> [TASK MATERIAL]
──────

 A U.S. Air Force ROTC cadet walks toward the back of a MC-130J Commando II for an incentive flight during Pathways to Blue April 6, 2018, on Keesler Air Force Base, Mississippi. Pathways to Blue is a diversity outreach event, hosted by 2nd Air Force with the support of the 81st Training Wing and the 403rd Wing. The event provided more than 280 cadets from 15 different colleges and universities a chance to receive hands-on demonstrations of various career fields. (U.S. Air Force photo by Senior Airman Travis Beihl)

──────

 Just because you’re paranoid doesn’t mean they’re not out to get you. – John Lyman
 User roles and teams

──────

> [WHAT IS NEEDED] Beginning at the line with "Just because you’re" and ending at the line with "User roles and teams", reproduce each line of the data above exactly, and add no other lines.

> [EXERCISE SOLUTION]
 Just because you’re paranoid doesn’t mean they’re not out to get you. – John Lyman
 User roles and teams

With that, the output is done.